US ‘friendly’ overtures hard to cover real intention to ‘de-China,’ says analyst after CIA chief refutes ‘decoupling’

‘De-risking’ essentially ‘de-China’ for Washington

By Xu Keyue Published: Jul 02, 2023 10:11 PM

Although the US has made a series of “friendly” overtures toward China recently, Chinese analysts said that the rhetoric emanating from some senior US officials is not matched by their deeds, and the “de-risking” narrative they chant is still a ruse to “de-China” in certain US sectors, including investment, technology and industry layout, and induce its allies to follow suit.

US Central Intelligence Agency (CIA) director William Burns said during a lecture at the Oxfordshire-based Ditchley Foundation – a nonprofit organization in the UK that focuses on the US-UK relations – on Saturday that “decoupling” from China would be “foolish” given the deep economic interdependence, so the US should “de-risk” and try to diversify its supply chains.

While some dovish US politicians have become increasingly vocal about their realization that “decoupling” is unrealistic and are trying to erase the word from policy documents and speeches, some hawkish US forces continue to push for “decoupling” under the guise of more moderate terms such as “de-risking” – just a different name for the same strategy, which is to contain China’s economic and technological rise, according to analysts.

Li Haidong, a professor at the China Foreign Affairs University, said that abandoning the “decoupling” narrative reflects that in the practice of China policy under the Biden administration, Washington has realized that a harsh “decoupling” harms the US economy and would isolate the superpower with little support from its allies.

But there is a cognitive gap between the US and its allies toward the so-called de-risking, Li noted. For the US, its goal is to separate certain technologies, investment and some industrial layout from the Chinese market. At the same time, it also wants its allies follow suit. 

De-risking for the US is to ‘de-China’ in essence,” Li said. But for major European countries, de-risking is to make the supply chain and some related industries more resilient, he said.
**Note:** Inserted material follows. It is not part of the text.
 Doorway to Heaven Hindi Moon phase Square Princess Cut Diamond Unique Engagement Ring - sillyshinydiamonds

Although Burns sent a positive signal toward China in his speech in the UK, it was not more than “lip service” which is unconvincing considering the series of China-containing measures that Washington issued recently, some Chinese analysts stated.
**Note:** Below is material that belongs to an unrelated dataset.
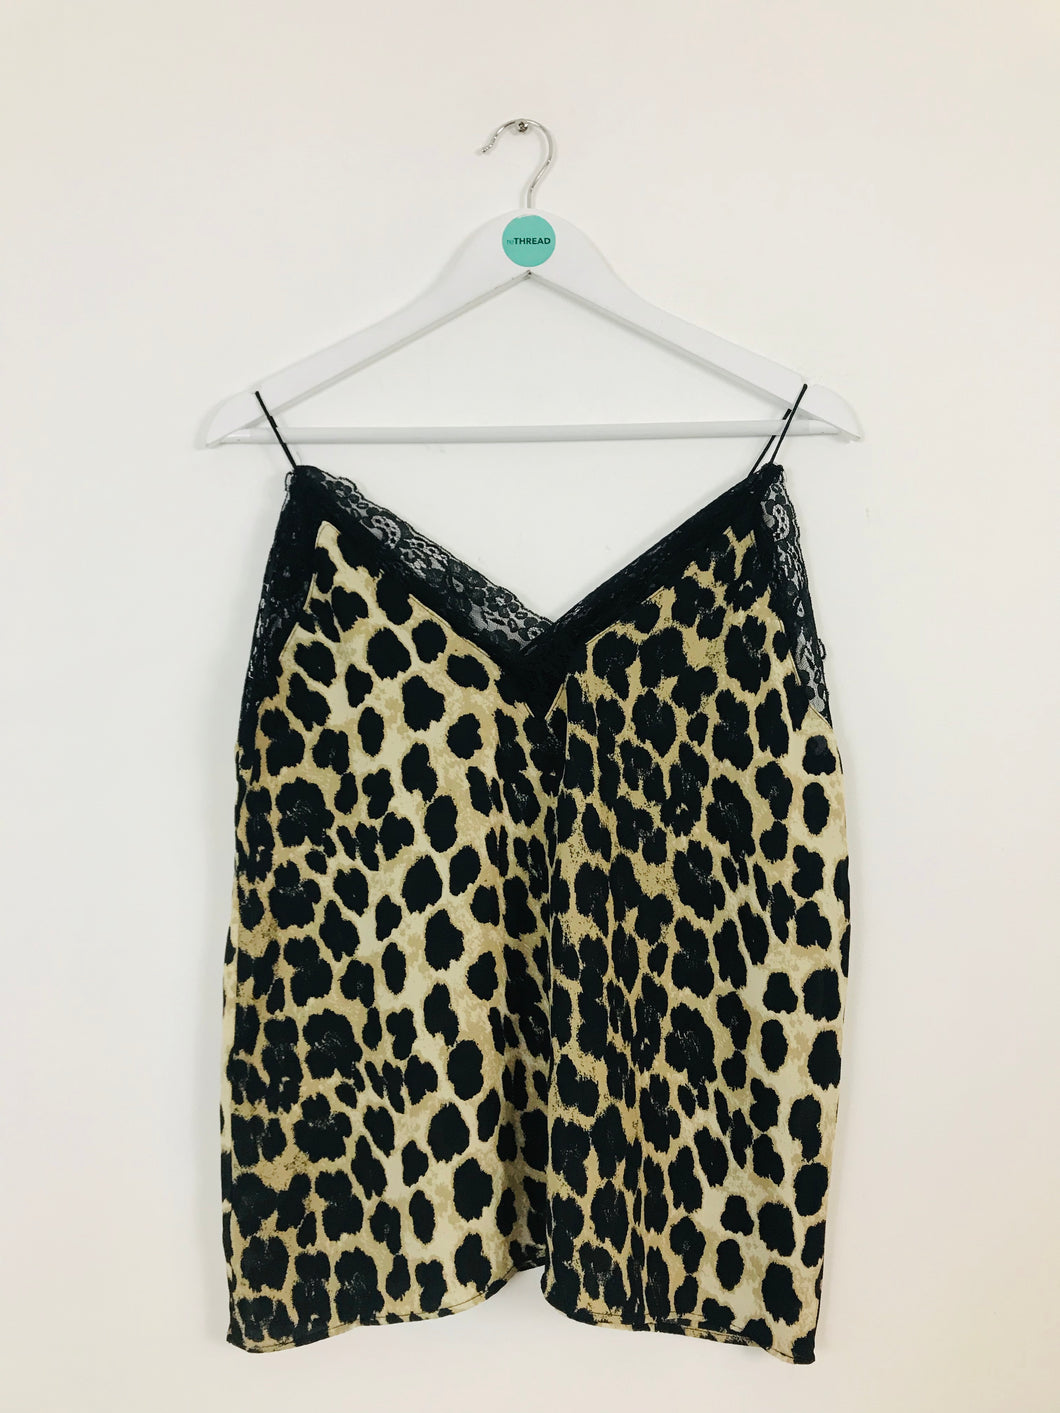 Zara Women’s Leopard Print Lace Camisole Top | S | Brown

Last month the US government added 43 entities, including 31 in China, to its export control list, known as the “Entity List,” accusing these entities of providing training to Chinese military pilots and other activities that are perceived to threaten US national security.

In another development, US President Joe Biden on Friday accepted the Letter of Credence of new Chinese Ambassador to the US Xie Feng, in the Oval Office of the White House. 

Some analysts noted that Biden accepted Xie’s credentials very quickly, and the meeting was arranged in the Oval Office of the White House, showing a “gesture of friendship and respect” that Biden tried to express to China.

This again reveals that Biden administration’s approach to China is complex – Biden wants to contain China’s development and expand US influence, but he hopes the relationship with China will not be too confrontational. He wants to make bilateral relations “more or less tolerable,” provided China compromises more, an Chinese analyst said on condition of anonymity.

Li criticized that the US lacks the consciousness of introspection and empathy in its China policy, and to make China compromise is actually a hegemonic logic that tries to use its strength to overwhelm China, but that this tactic will not work.